CONSOL wants to mine 16 million tons of coal at the site over a 14-year period. Part of its post-mining land use plan involves construction of a portion of the King Coal Highway on mined-out areas. Local officials also say the mining would provide large areas of flattened land that could be used for economic development.
Developers had hoped that by including the 2,300-acre mining permit in the road proposal they would actually reduce environmental impacts by combining the project footprints. The proposal would also save taxpayers about $110 million.
EPA officials hired a mining engineer to examine the project and proposed changes that the agency said would involve fewer valley fills and lesser stream impacts.
But with a cursory review, the U.S. Army Corps of Engineers and the Federal Highway Administration -- which conduced the most recent environmental study of the project -- concluded the EPA proposal wasn't practical, wouldn't fit in with the area's land use plans, and did not comply with some state mine reclamation rules.
In its new letter, EPA expressed concern that the corps and the highway administration declined to even include the EPA proposal among the alternatives that were more fully examined in the latest study.
EPA said that its proposal could have served "as a useful point of reference as you assess alternatives to the applicant's proposed mine plan."

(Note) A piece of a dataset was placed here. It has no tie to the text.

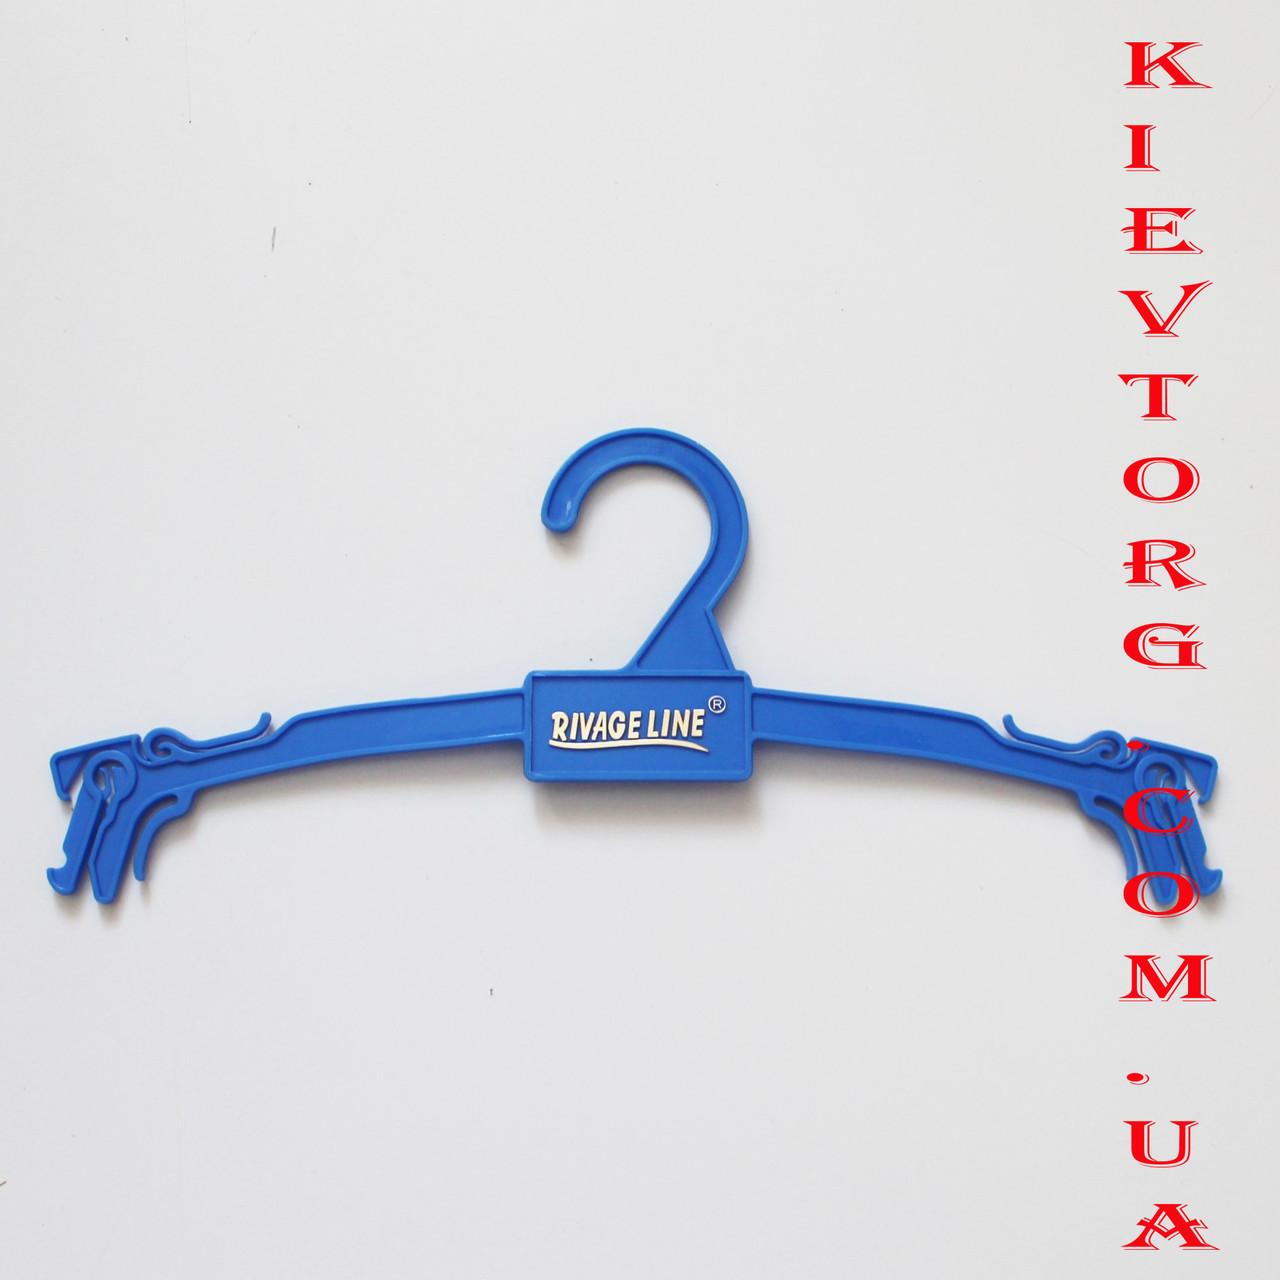 Плечики вешалки трекмпели для магазинов нижнего белья (бельевые) голубые

"We are concerned that this limited analysis does not recognize that there are likely additional practicable alternatives that can meet the stated project purpose while more effectively avoiding and minimizing anticipated significant adverse environmental impacts," the EPA said. "We expect that a broader look at feasible alternatives may find that such development is possible while reducing anticipated impacts to the environment and human health."